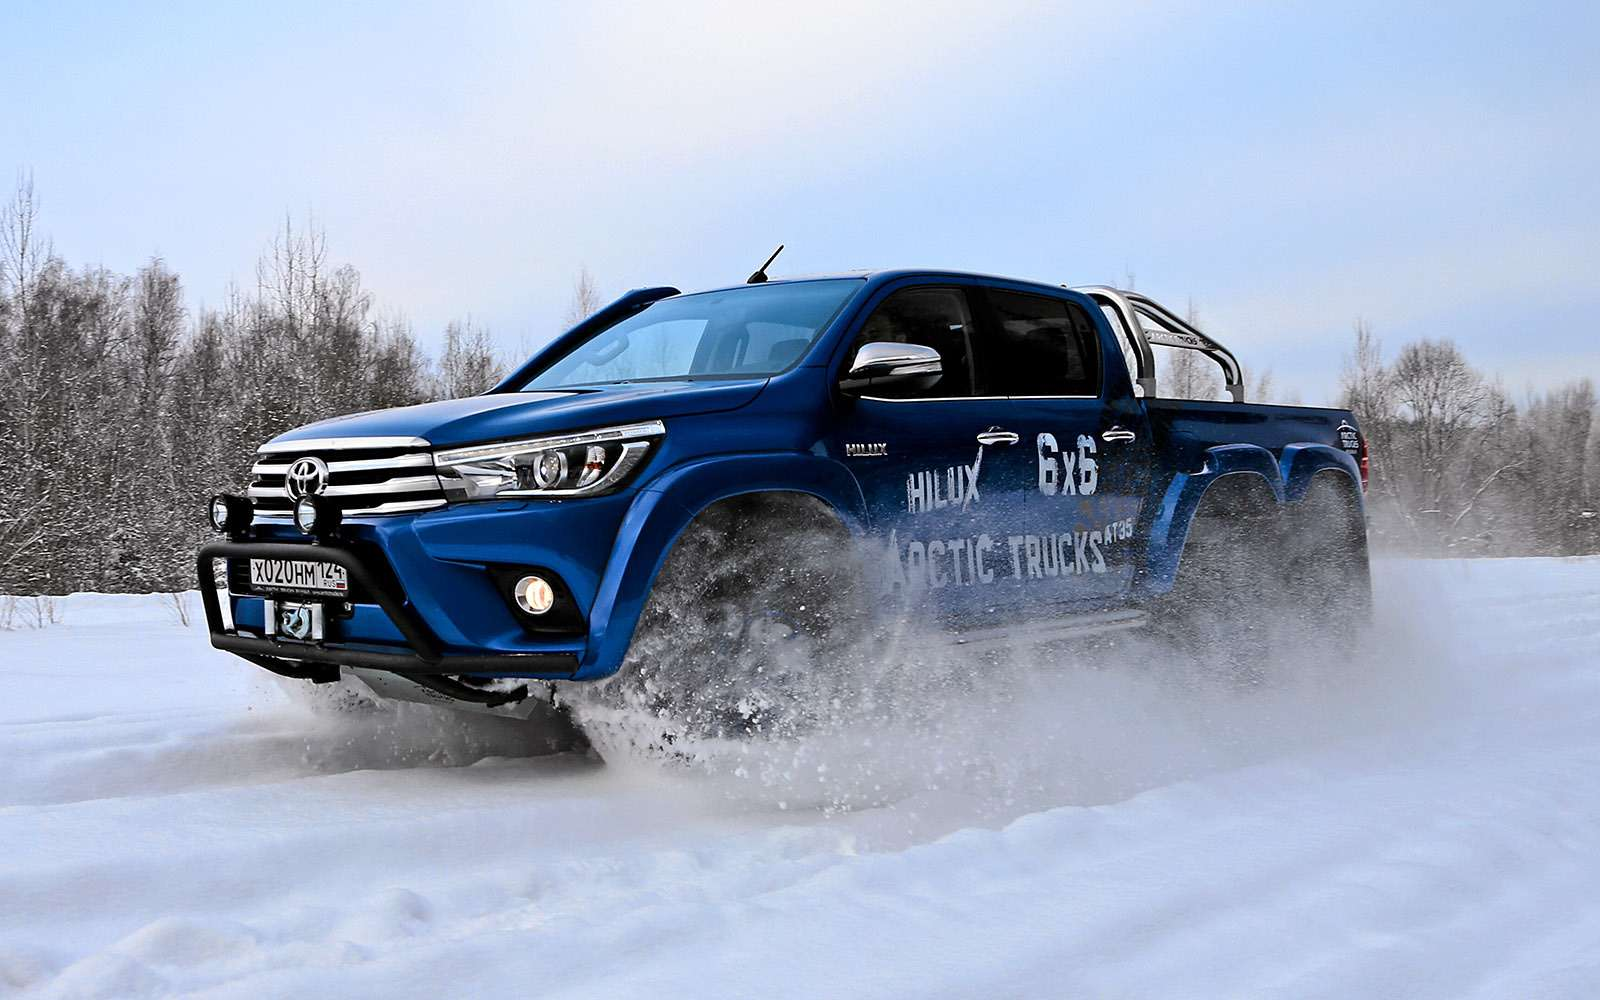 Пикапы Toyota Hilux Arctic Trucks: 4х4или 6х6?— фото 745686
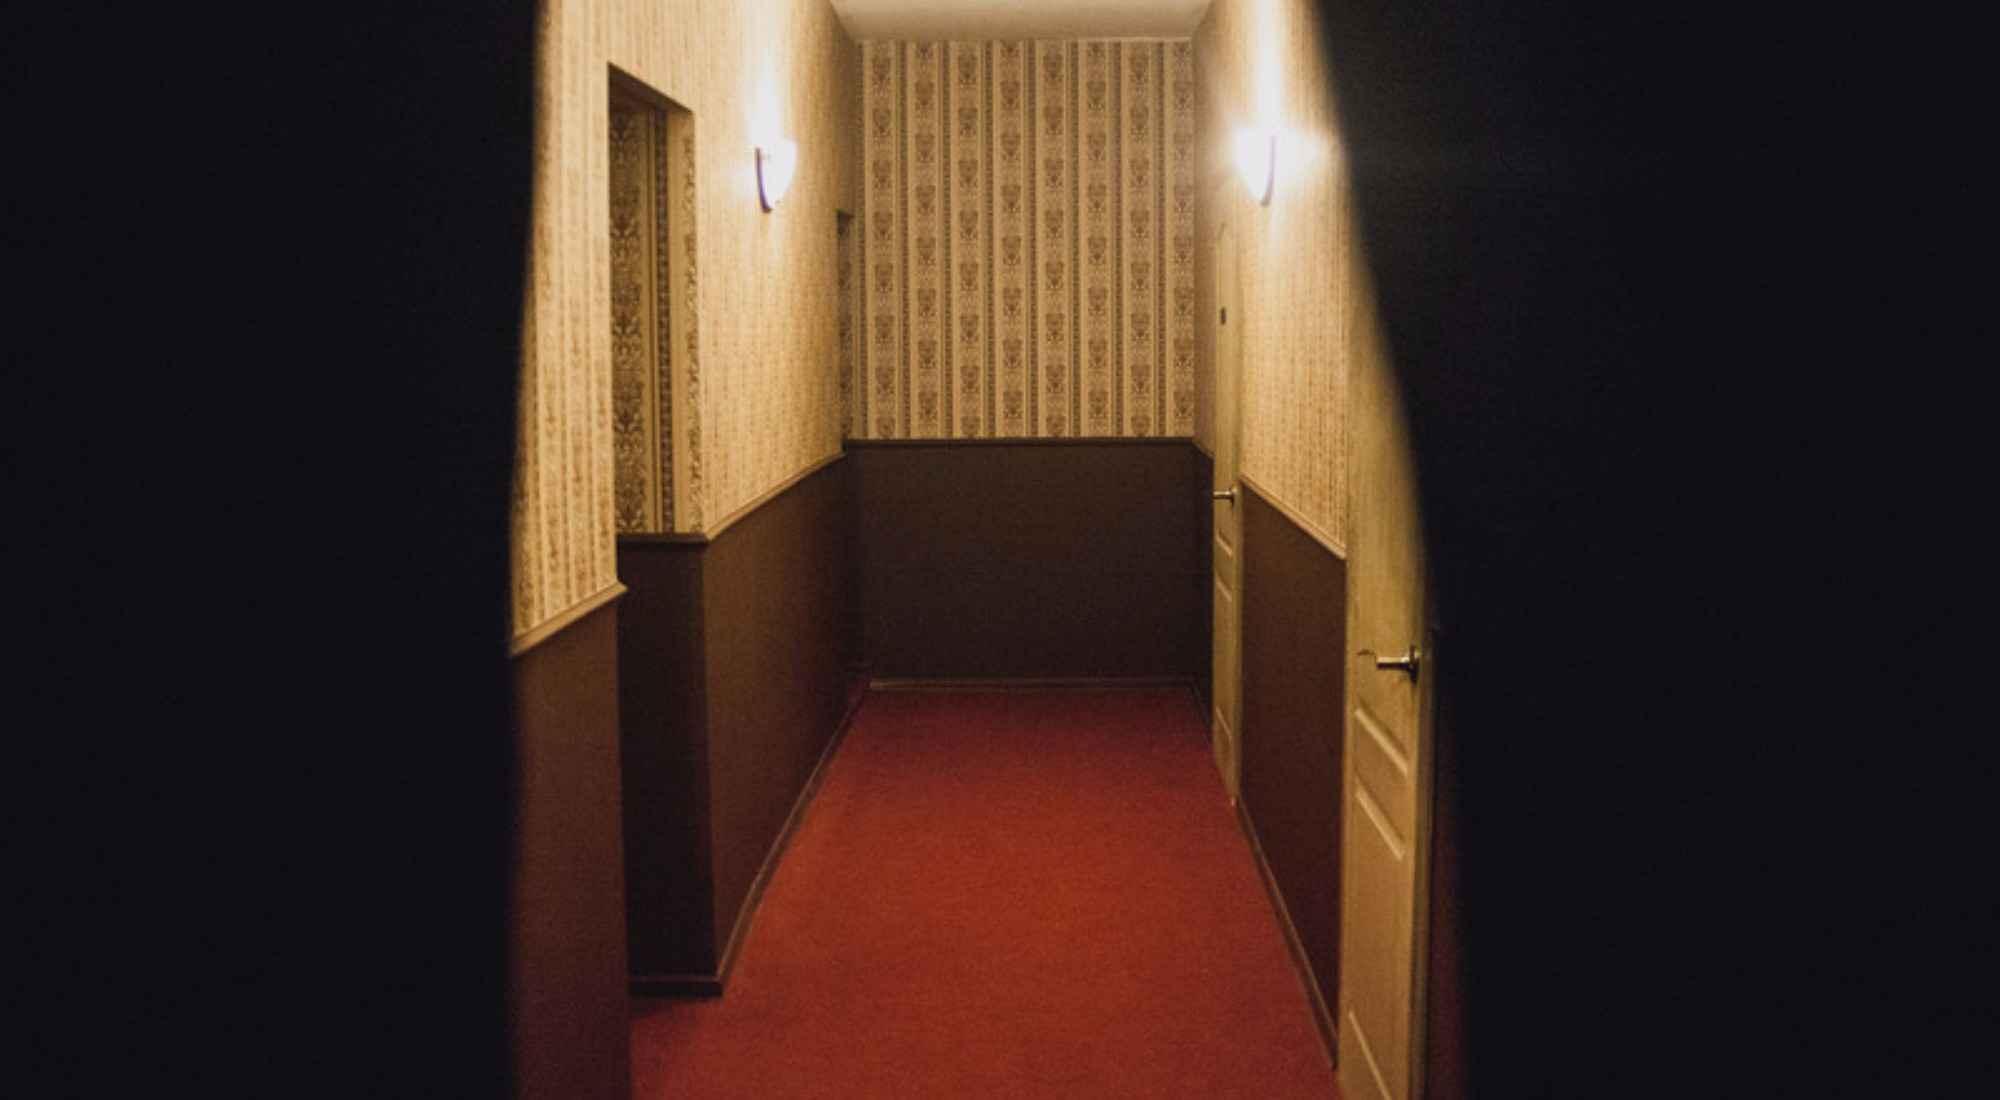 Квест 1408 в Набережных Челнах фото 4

==================================================

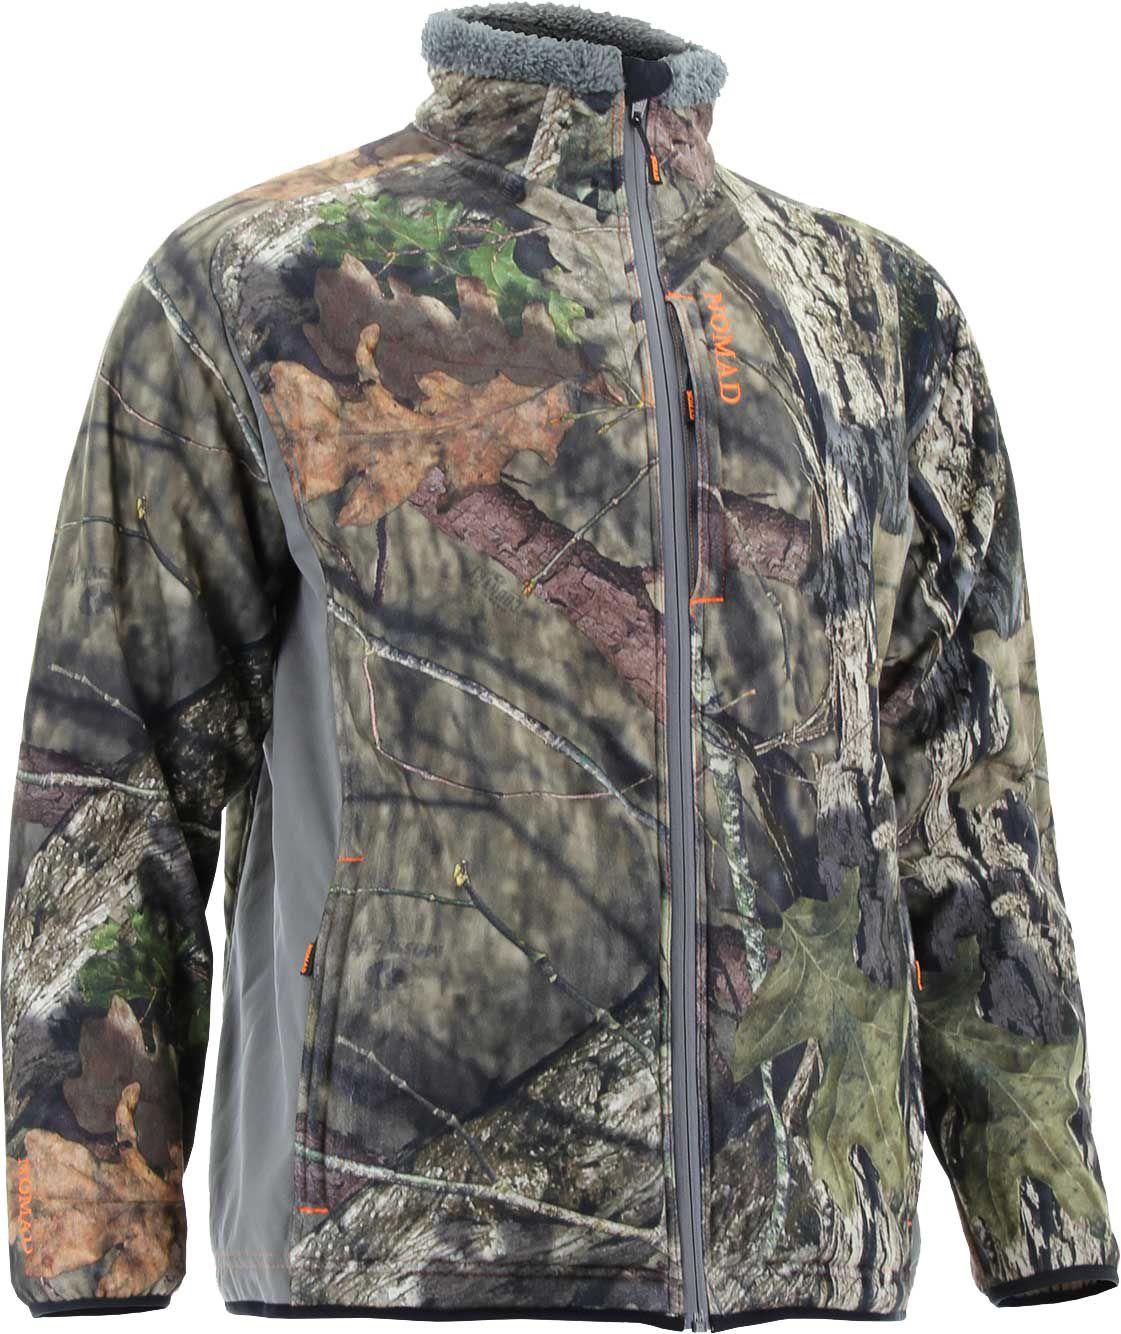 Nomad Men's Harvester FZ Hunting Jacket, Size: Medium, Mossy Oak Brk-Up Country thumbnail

==================================================

▶ [PROBLEM TO SOLVE]
Extract from the material above the stretch running from the line containing "Пикапы Toyota Hilux" through the line containing "Квест 1408 в Набережных Челнах фото 4". Keep the text exact and the pictures out.

▶ [SOLUTION FOR THIS TASK]
 Пикапы Toyota Hilux Arctic Trucks: 4х4или 6х6?— фото 745686
 Квест 1408 в Набережных Челнах фото 4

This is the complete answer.